Full builds for my site (almost 300 posts) takes like 20 full seconds, but
incremental builds when actively writing to see changes takes about 3 seconds.

So if that 3 seconds ends up being half a second or less that would be a
pretty big quality of life improvement.

For Docker related projects (Flask, Rails, Phoenix, Webpack, whatever), WSL 1
is quite speedy already since the mount is happening in the Linux VM running
Docker Desktop, not the WSL mount. I wonder if this will end up being any
faster with a WSL 2 back-end for Docker Desktop. I'll have to wait until WSL 2
hits Windows stable to try it out.

------
lioeters
> get a proper, functioning, fast Linux environment up and running on my beefy
> gaming computer

Since I didn't see it mentioned in this thread - if all one needs is Ubuntu
VMs, i.e., for common web development setup, Multipass is a simple and easy
tool:

[https://multipass.run/](https://multipass.run/)

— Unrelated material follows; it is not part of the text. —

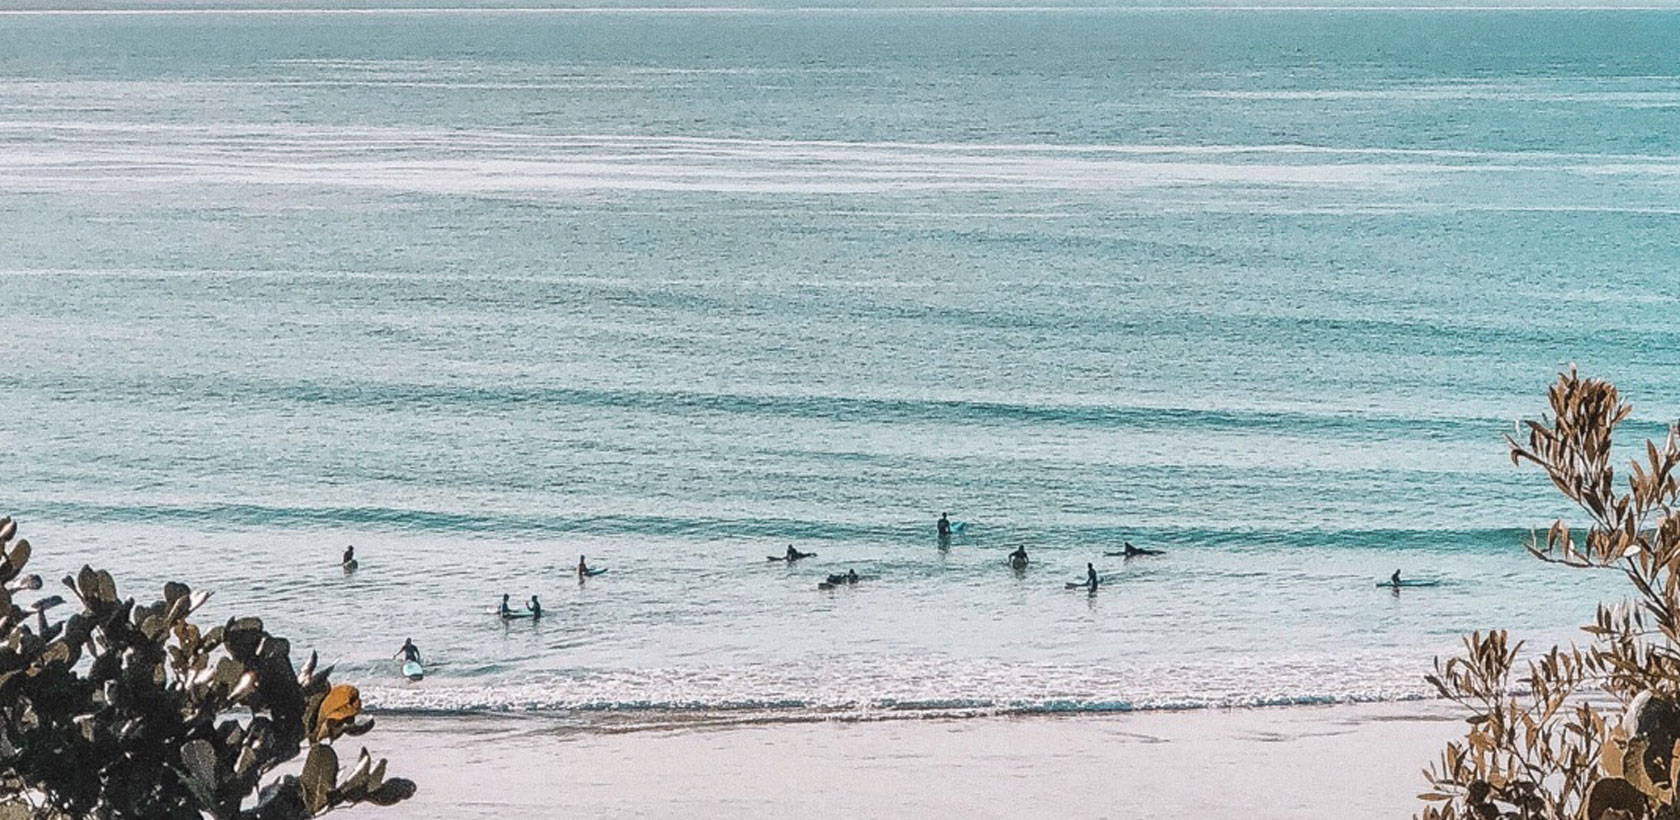 Spell People + Planet image of Byron Bay beach

Made by Canonical, runs on Hyper-V (or equivalent), cross-platform support. I
have not compared it with WSL 1 or 2, but it's been a smooth user experience.

------
emsy
> you do a lot of disk writes and stat calls on tens of thousands of files.

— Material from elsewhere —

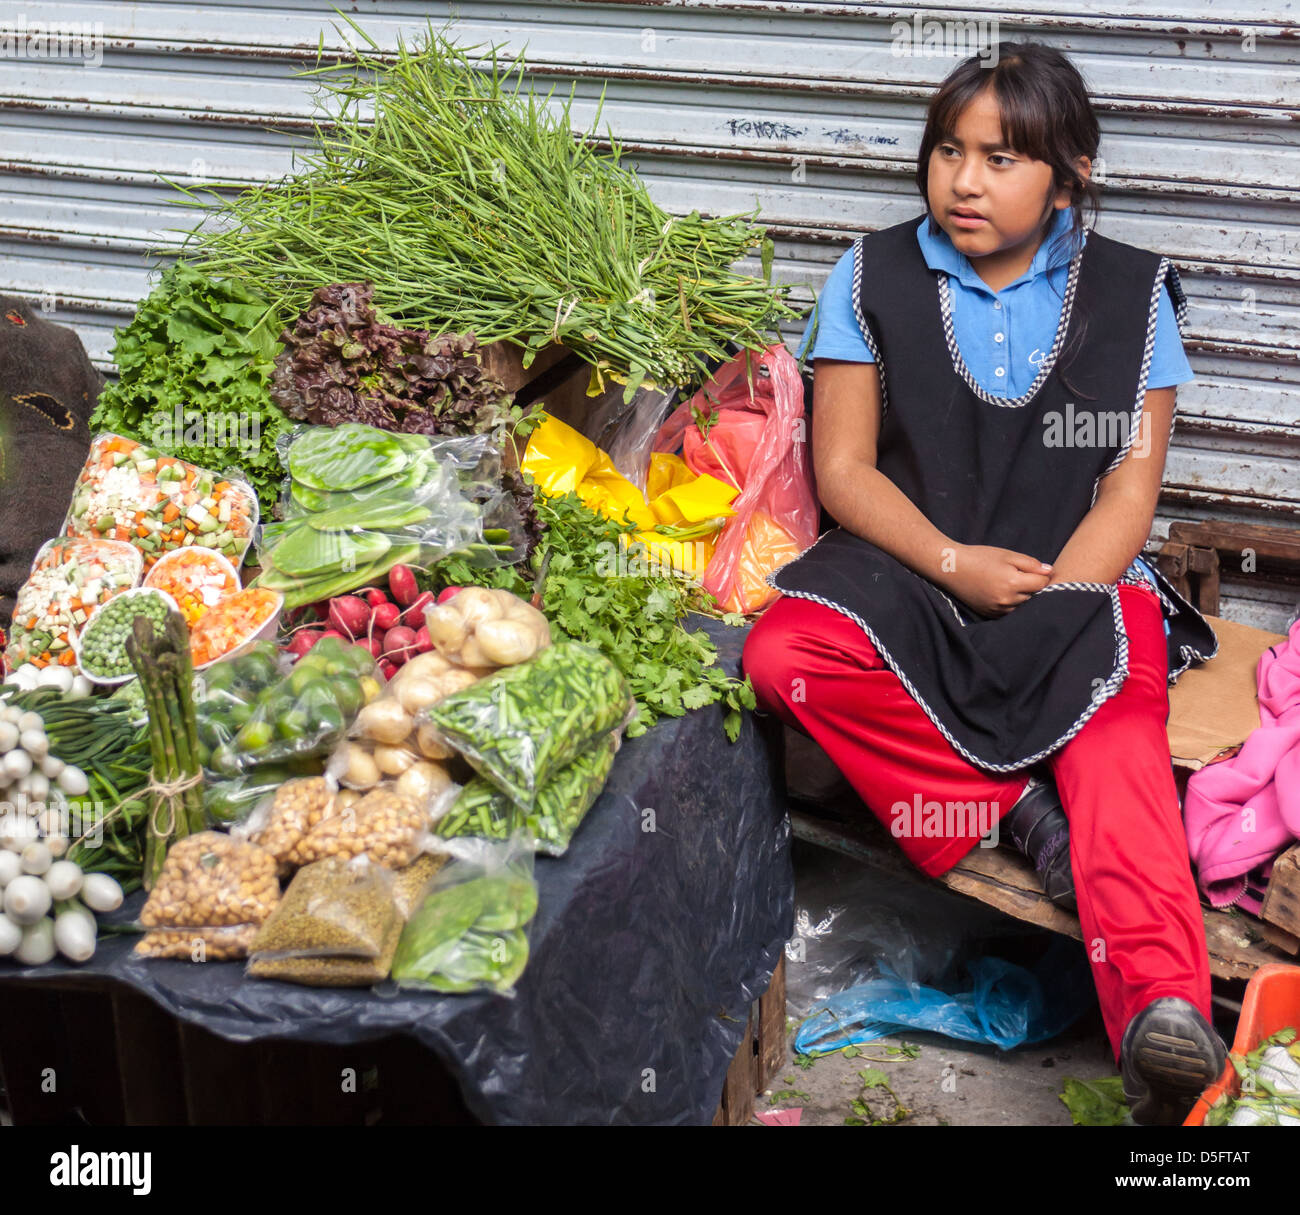 Young Mexican girl selling fruits and vegetables in a market in Queretaro, Mexico. Stock Photo

Found the root problem right there. What the fuck is going on in modern web
dev.

------
trocado
WSL2 is great but there are still some very annoying bugs, like when the host
sleeps/hibernates and the clock drifts [1], or windows detach from the x
server and can't be brought back.

[1]
[https://github.com/microsoft/WSL/issues/4114](https://github.com/microsoft/WSL/issues/4114)

------
cloudking
Big fan of WSL, get power of Windows and the full power of Linux combined. Can
easily switch between gaming and development.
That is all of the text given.